**Exercise aim:** Below are entries with pictures among them; reproduce exactly, and only, the lines from the one containing "Manual Pull Down" down to the one containing "TAURUS LEATHER Black", without the pictures.

**Dataset extract:**
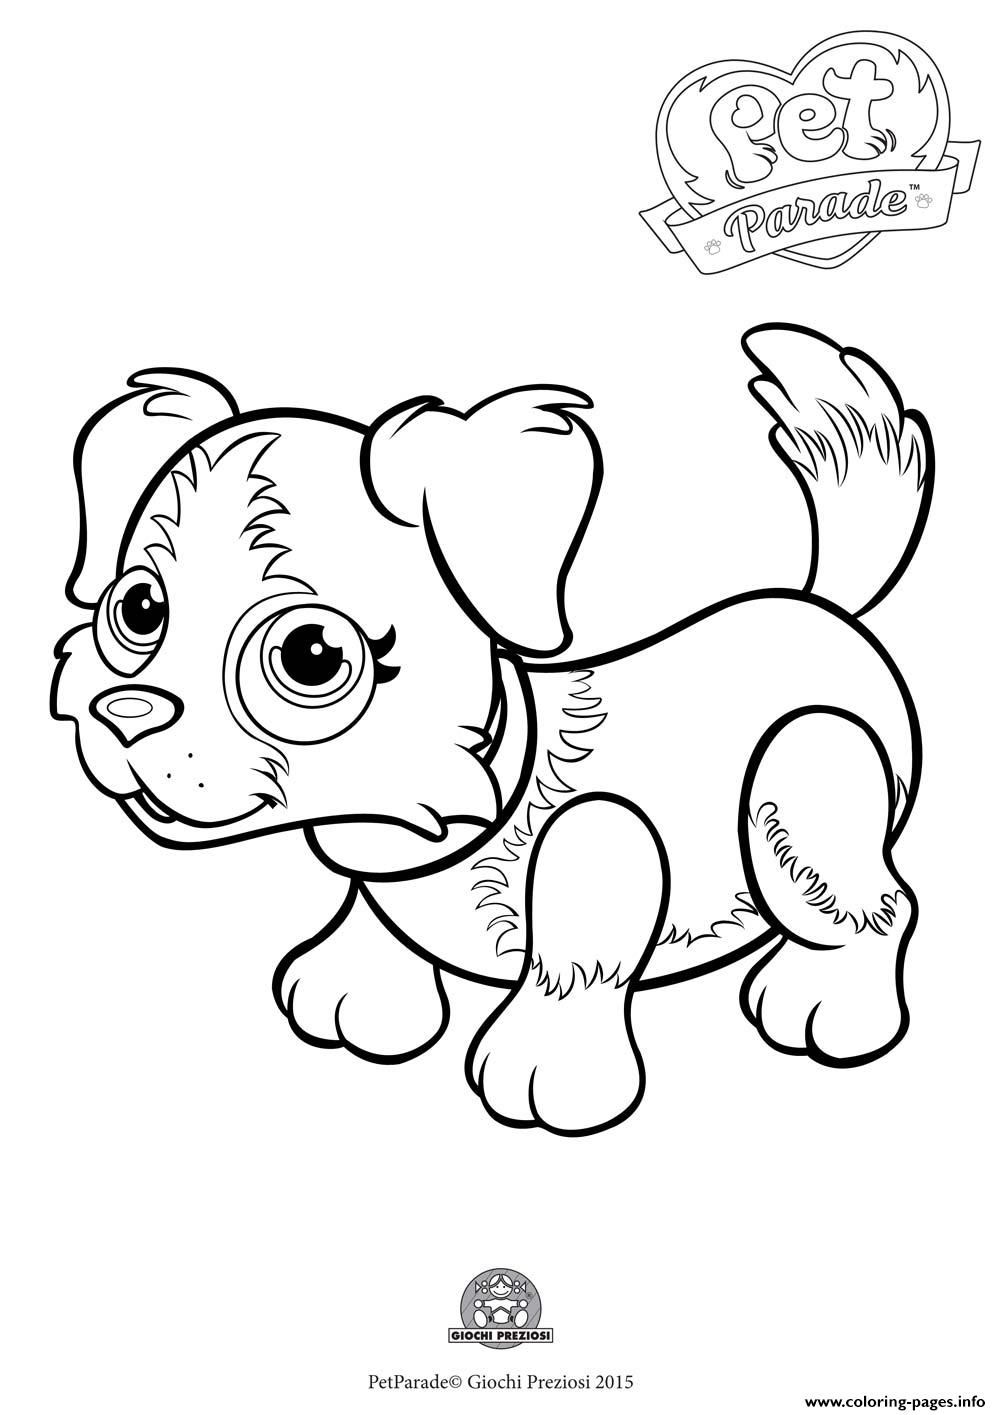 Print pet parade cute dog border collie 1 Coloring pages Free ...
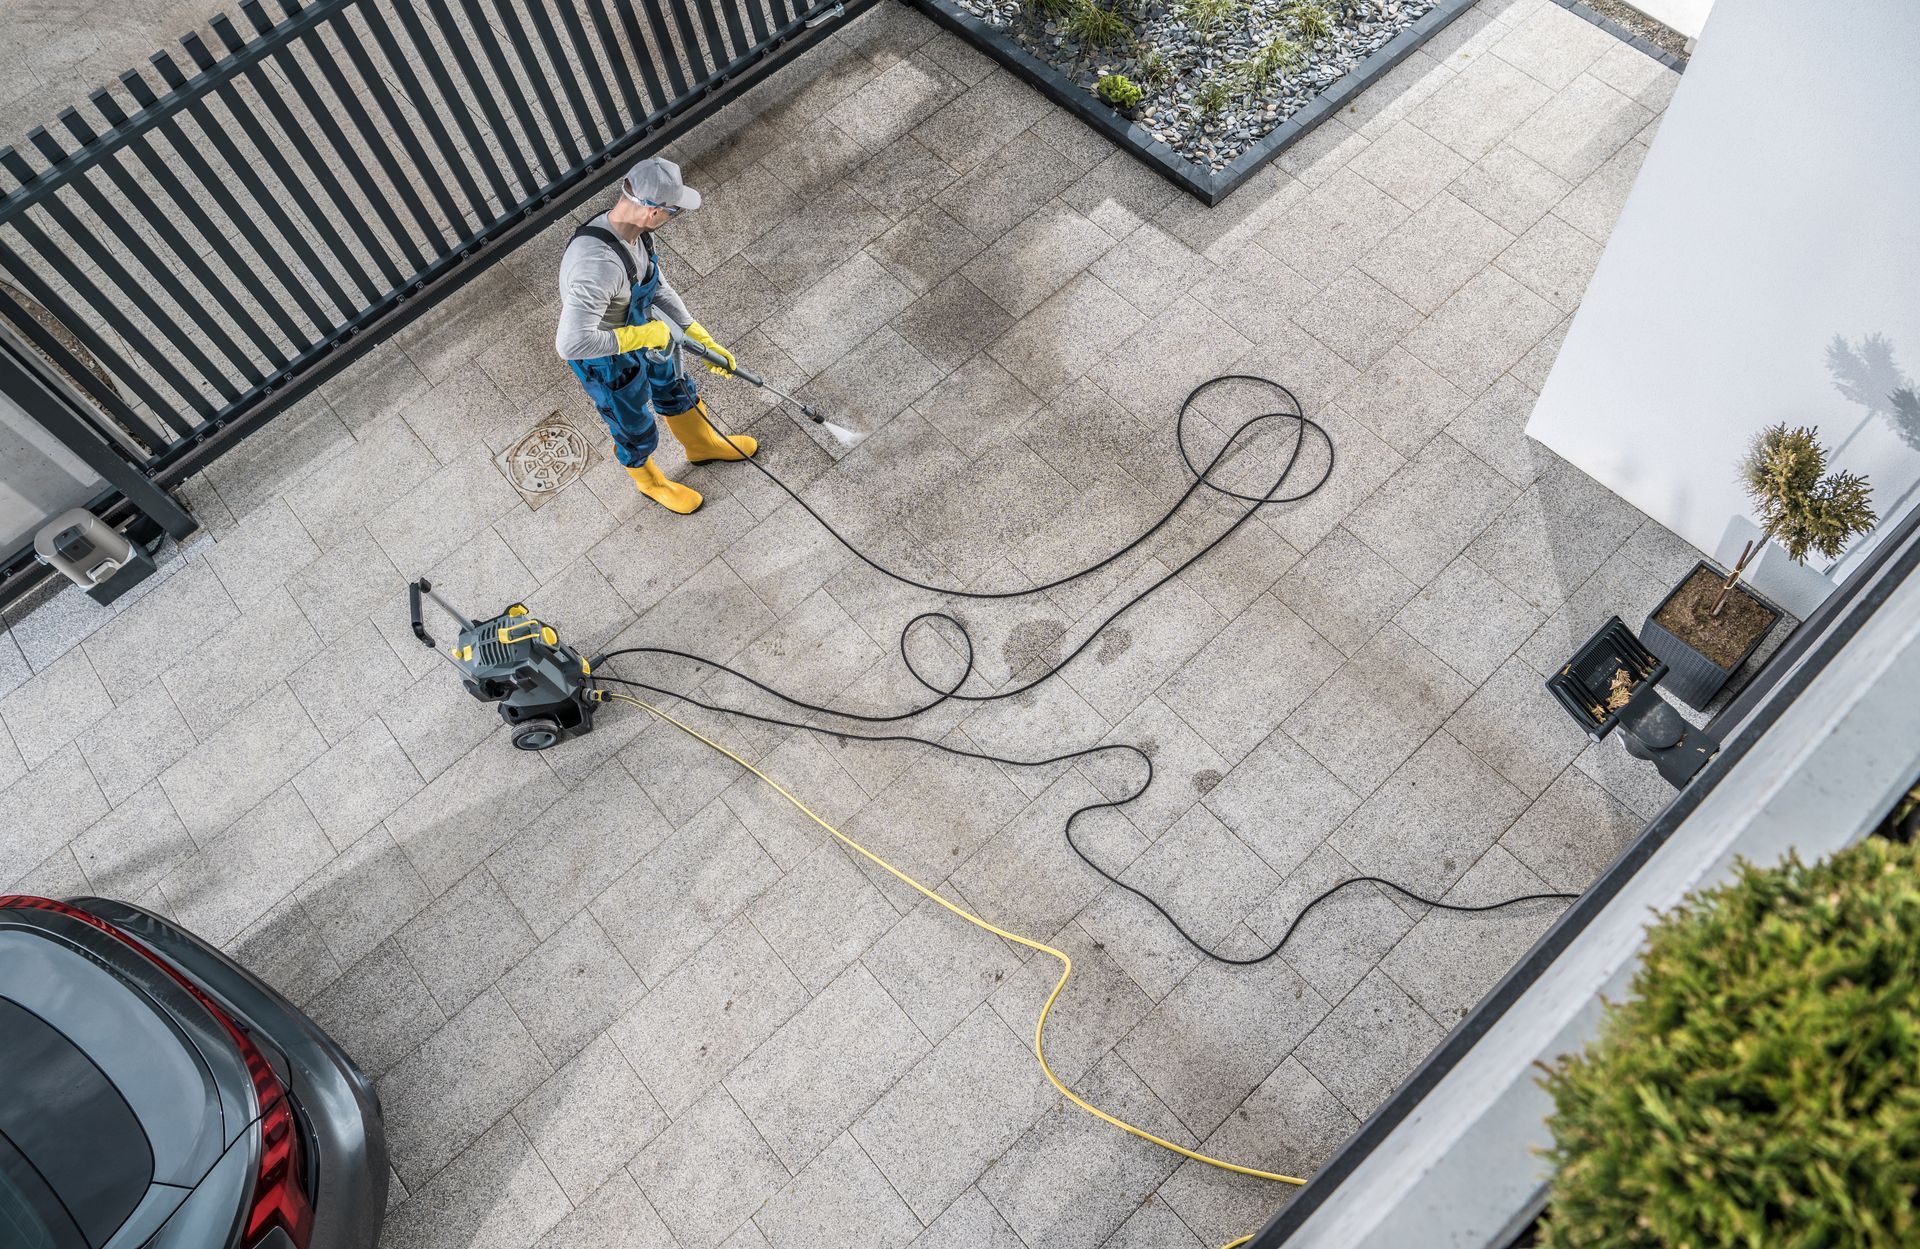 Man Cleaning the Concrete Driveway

---

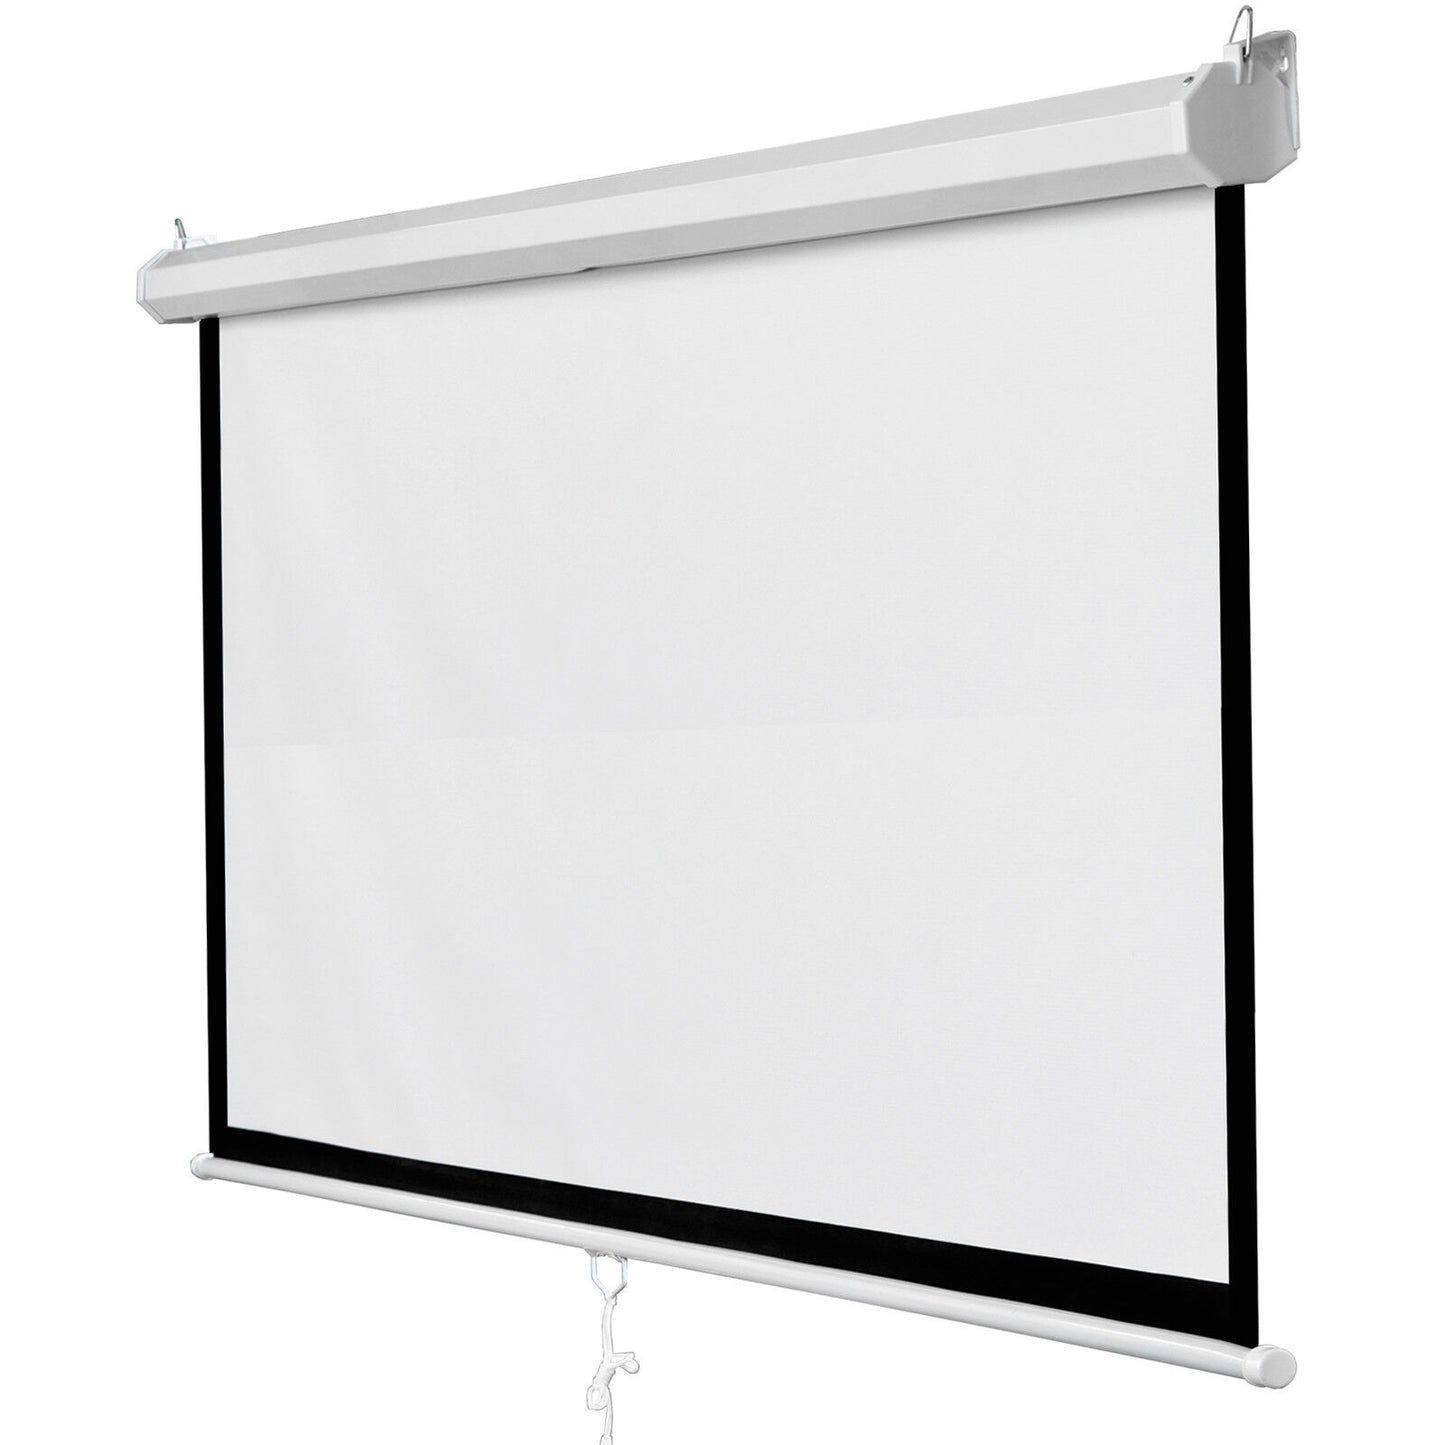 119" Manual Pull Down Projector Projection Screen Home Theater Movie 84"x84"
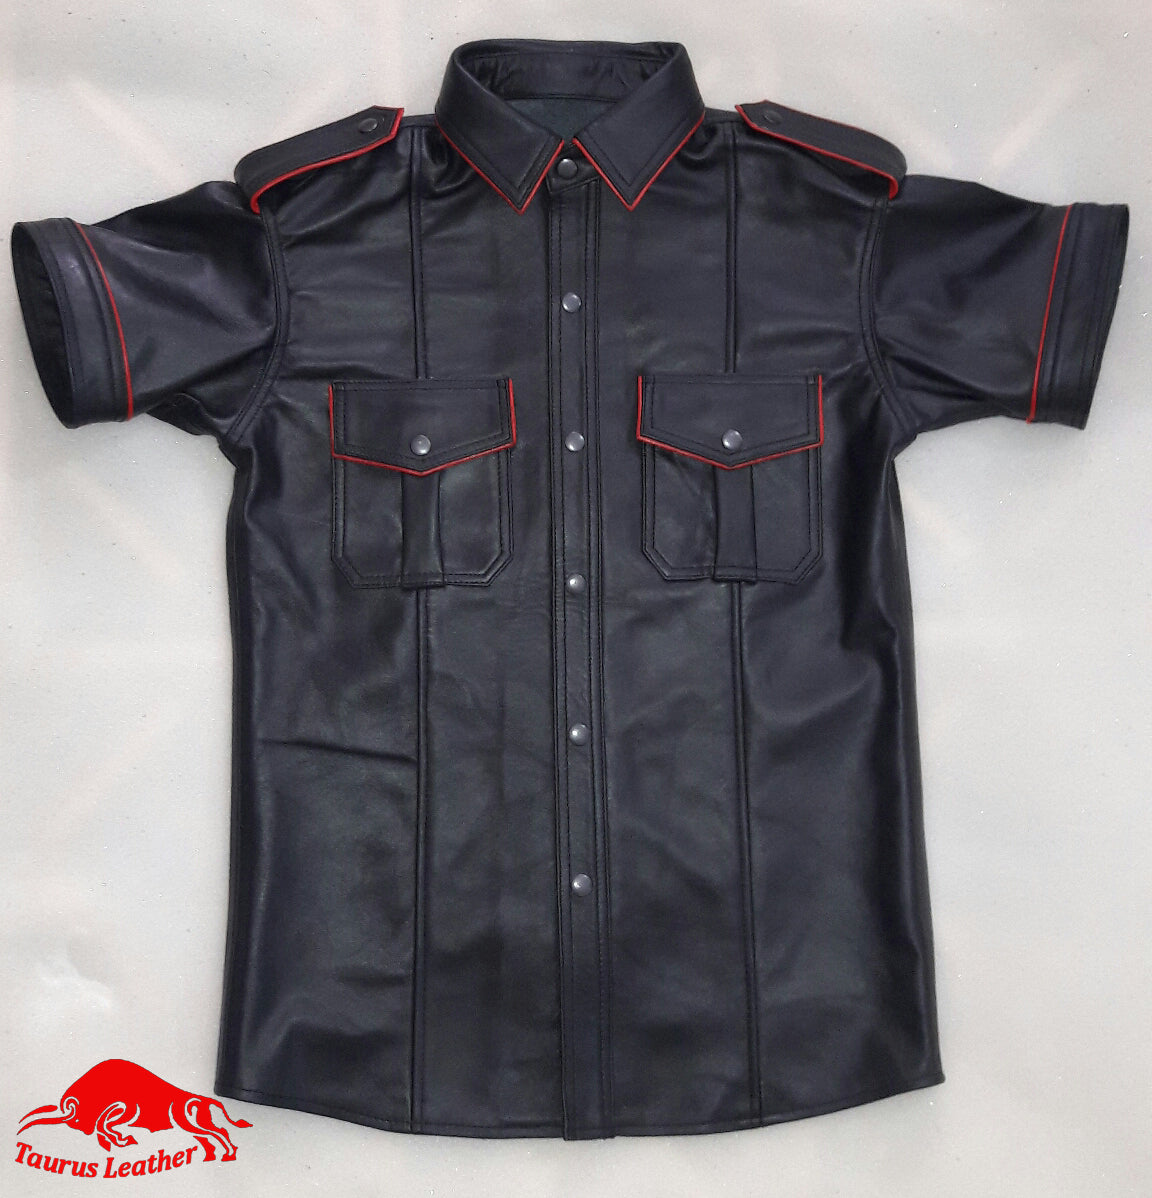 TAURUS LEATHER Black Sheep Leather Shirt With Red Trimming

==

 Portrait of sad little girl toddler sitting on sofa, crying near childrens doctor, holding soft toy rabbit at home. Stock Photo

**Response:**
 119" Manual Pull Down Projector Projection Screen Home Theater Movie 84"x84"
 TAURUS LEATHER Black Sheep Leather Shirt With Red Trimming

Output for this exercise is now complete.